С первых же строк стихотворения с всегдашней пронзительностью и силой звучит тут старая, вечная его лирическая тема:
Обшаркан мильоном ног.
Исшаркан тыщей шин.
Я борозжу Париж —
до жути одинок,
до жути ни лица,
до жути ни души.
Вокруг меня —
авто фантастят танец,
вокруг меня —
из зверорыбьих морд —
еще с Людовиков
свистит вода, фонтанясь.
Я выхожу
на Place de la Concorde.
С другой стороны — и в «Письме Татьяне Яковлевой», в этом интимном любовном послании ему б «опять знамена простирать»:
В поцелуе рук ли,
губ ли,
в дрожи тела
близких мне
красный
цвет
моих республик
тоже
должен
пламенеть…
Ревность,
жены,
слезы…
ну их! —
вспухнут веки,
впору Вию.
Я не сам,
а я
ревную
за Советскую Россию.
А дальше сходство между этими двумя — такими разными! — стихотворениями становится все поразительнее.
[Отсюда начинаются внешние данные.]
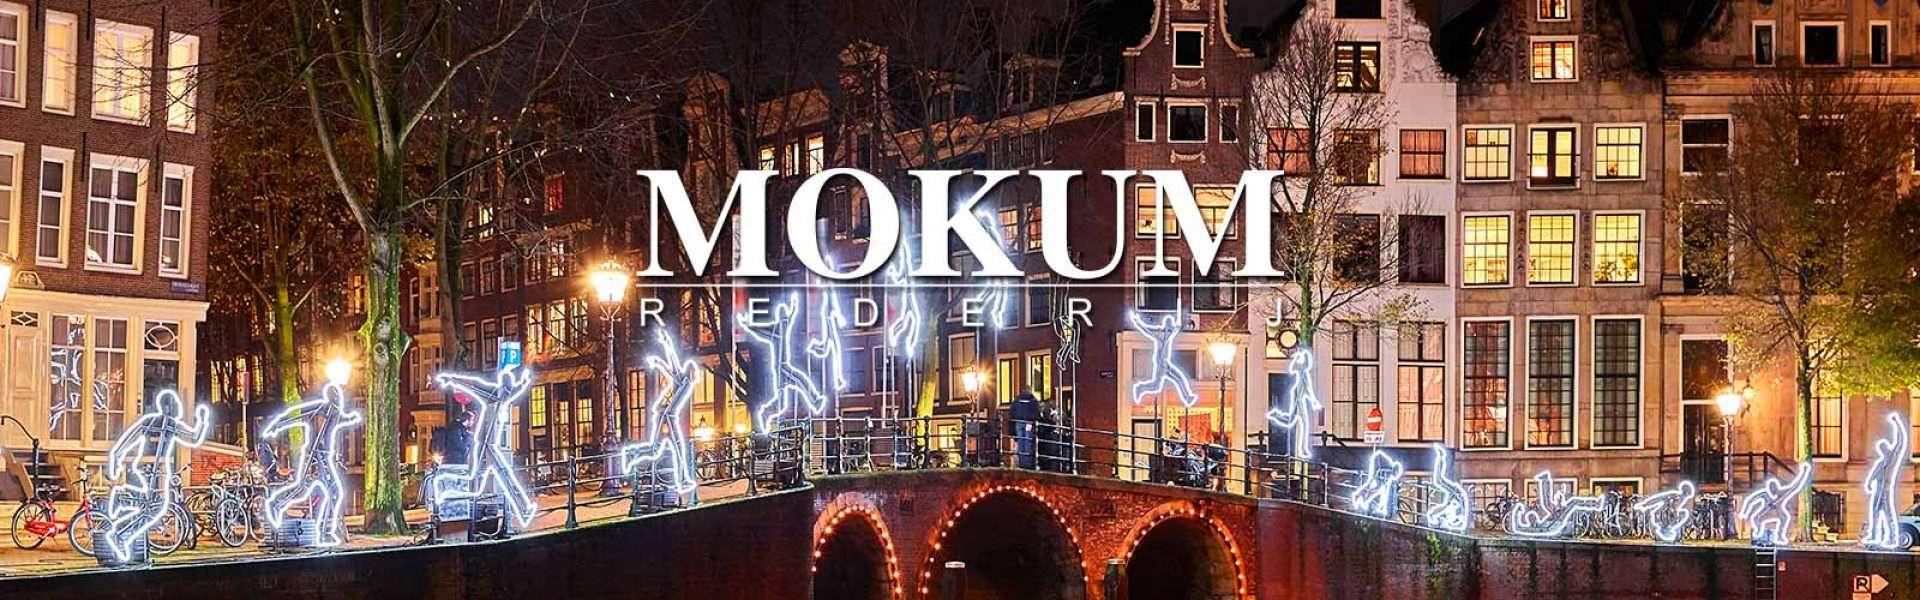 Specials bij Rederij Mokum | Vrijgezellenfeest | Trouwen in de Amsterdamse grachten | Wijnproeverij op het water

В «Разговорчиках с Эйфелевой башней»:
Идемте, башня!
К нам!
Вы —
там,
у нас,
нужней!
Идемте к нам!
В блестенье стали,
в дымах —
мы встретим вас.
Мы встретим вас нежней,
чем первые любимые любимых.
В «Письме Татьяне Яковлевой»:
Мы
теперь
к таким нежны —
спортом
выпрямишь немногих, —
вы и нам
в Москве нужны,
не хватает
длинноногих.
В «Разговорчиках…»:
Пусть
город ваш,
Париж франтих и дур,
Париж бульварных ротозеев,
кончается один, в сплошной складбищась Лувр,
в старье лесов Булонских и музеев.
В «Письме…»:
Не тебе,
в снега
и в тиф
шедшей
этими ногами,
здесь
на ласки
выдать их
в ужины
с нефтяниками.
И, наконец, последние строки, завершающие его разговор с Эйфелевой башней:
Решайтесь, башня, —
нынче же вставайте все,
разворотив Париж с верхушки и до низу!
Идемте!
К нам!
К нам, в СССР!
Идемте к нам —
я
вам достану визу!
А вот — последние (точнее — предпоследние, о последних чуть позже) строки его «Письма Татьяне Яковлевой»:
Ты не думай,
щурясь просто
из-под выпрямленных дуг.
Иди сюда,
иди на перекресток
моих больших
и неуклюжих рук.
Это вроде — совсем уже о личном. И слово «перекресток», говорящее не столько о «скрещенье рук», сколько о скрещенье улиц, — на месте ли тут оно?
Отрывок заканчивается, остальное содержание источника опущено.